Ten containers holding 450 tons of contaminated plastic waste, from British cables to Australian milk cartons and Bangladeshi CDs, will be shipped back, the Malaysian government said.
Yeo Bee Yin, the minister of energy, technology, science, environment and climate change, said: ‘We urge developed countries to stop shipping garbage to our country,’ adding it was ‘unfair and uncivilised’. Plastic imports to the country have tripled since 2016 to 870,000 tonnes last year – when China, which previously took a large amount of waste for recycling, abruptly stopped.
The influx has sparked a rapid increase in the number of recycling plants, many of them operating without a licence and with little regard for environmental standards. The ministry said: ‘These containers are filled with contaminated, non-homogenous, lowquality, non-recyclable plastic waste, and are routed to processing facilities which do not have the technology to recycle in an environmentally sound manner.’ Mr Yeo vowed a crackdown on illegal imports and recycling facilities, dubbing Malaysians involved in importing the waste as ‘traitors’.

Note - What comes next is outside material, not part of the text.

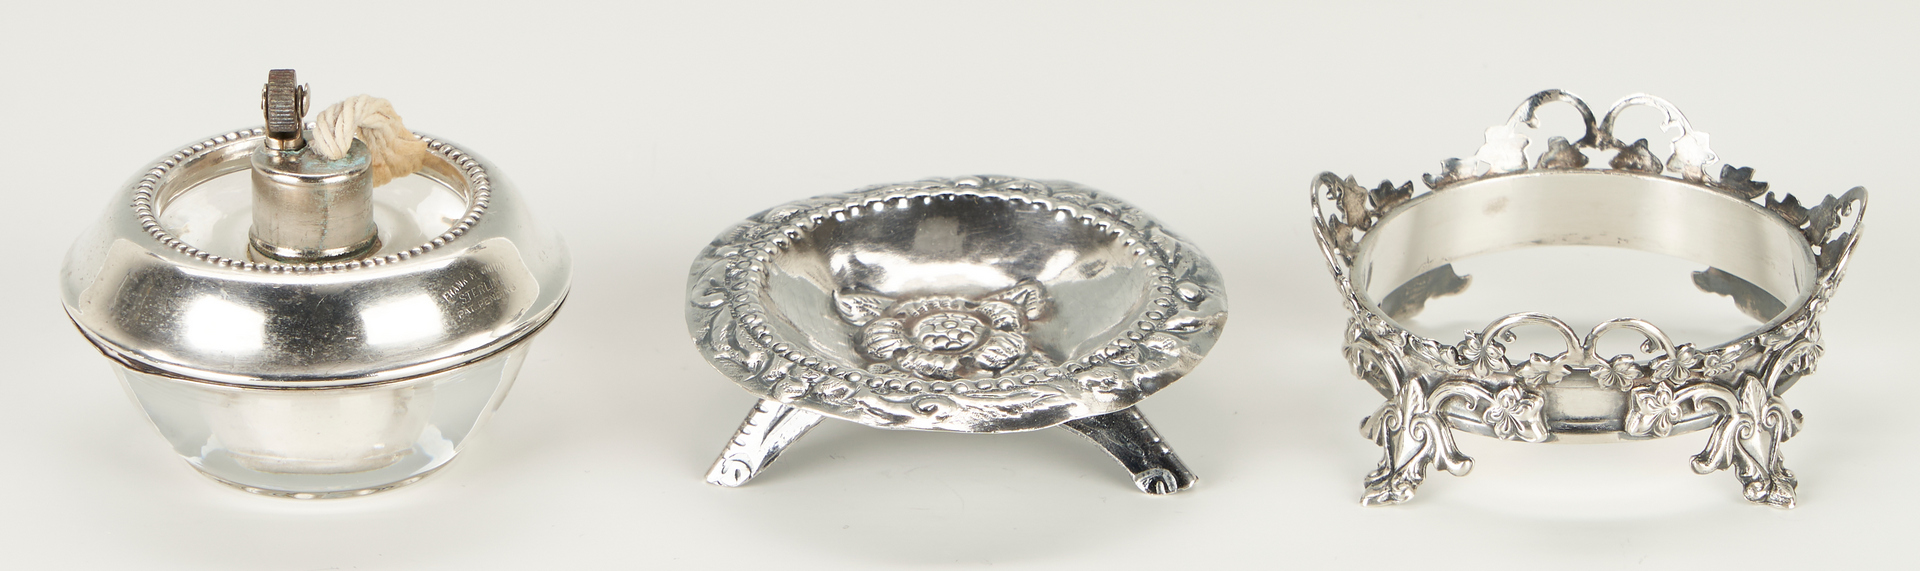 Lot 1255: 26 Assorted Sterling Items, incl. Napkin Rings, Butter Pats and Mug

However, Lee Chee Kwang, an activist with environment protection agency Kuala Langat, said Malaysia had ‘failed miserably’ to manage the rubbish coming into the country, criticising its move to ship the waste back as ‘only a symbolic public stunt which does not solve the problem.’ He added: ‘The solution is a total ban of imports of all kinds of plastic.’
The Daily Mail has long campaigned to reduce the amount of plastic waste in the environment – successfully calling for the charge on plastic bags, which greatly reduced the amount of carrier bags thrown away.

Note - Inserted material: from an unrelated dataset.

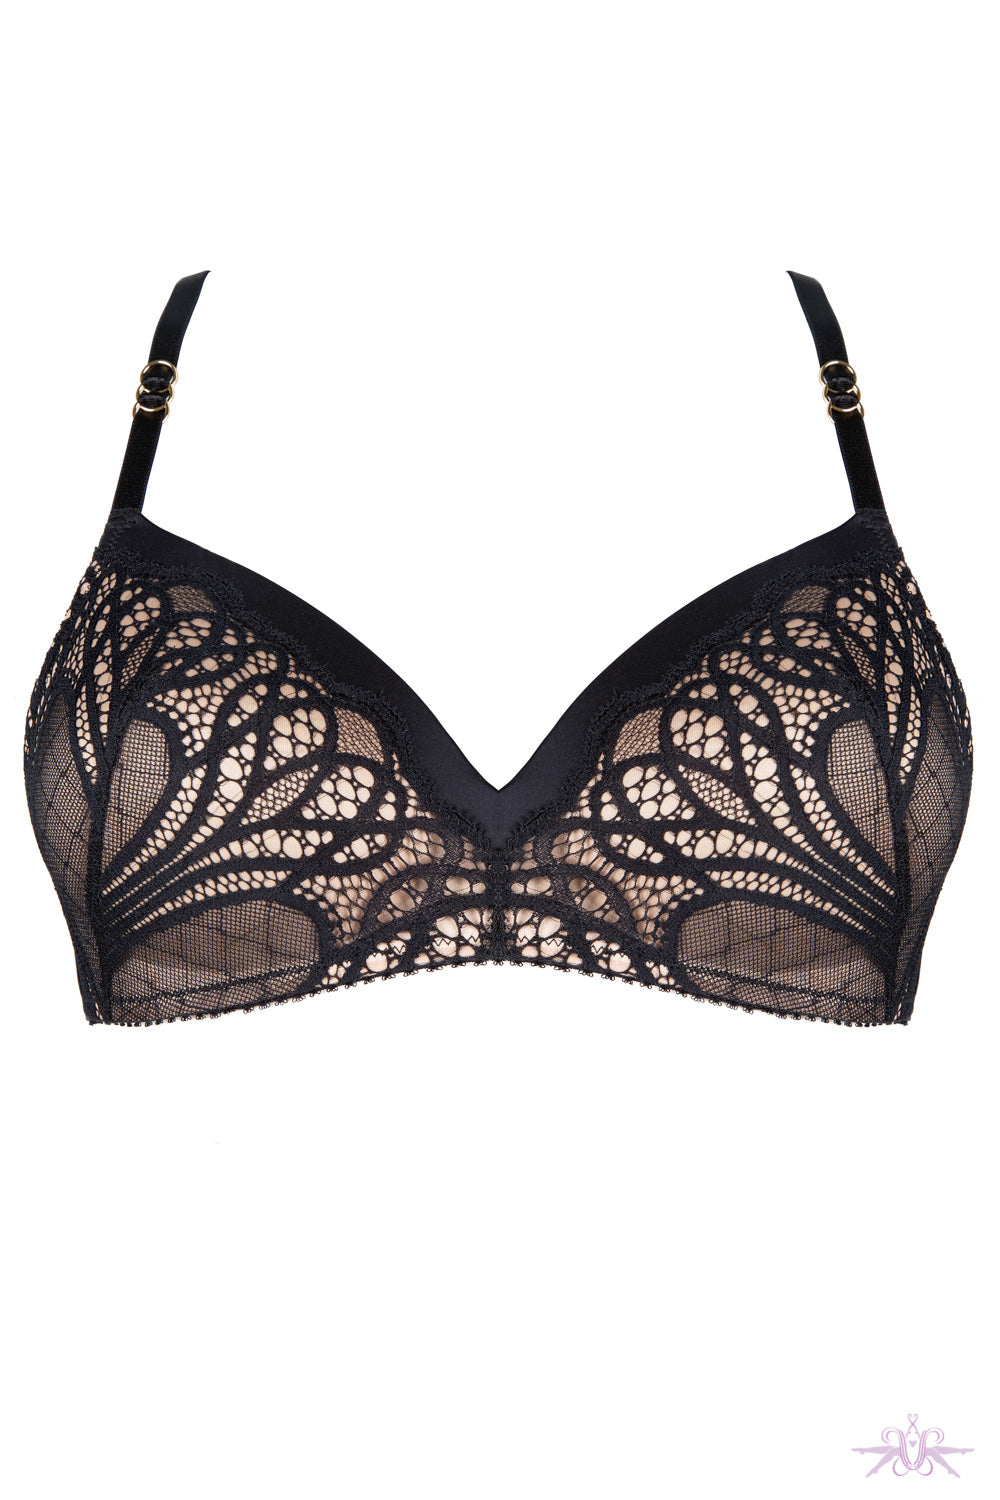 Jolidon Supreme Black Lace Triangle Sheer Mesh Bra at Mayfair Stockings  Luxury Bras and Lingerie

Around 300 million tons of plastic are produced every year, according to the Worldwide Fund for Nature, with much of it ending up in landfill or polluting the seas, in what is becoming a growing international crisis.
This week a BBC documentary presented by Hugh Fearnley-Whittingstall revealed that plastic rubbish collected from councils including Braintree in Essex, Rhondda Cynon Taf in South Wales and Milton Keynes were being dumped in the Malaysian jungle.
Brands found in the undergrowth included many familiar UK names such as Waitrose, M&S and Tesco.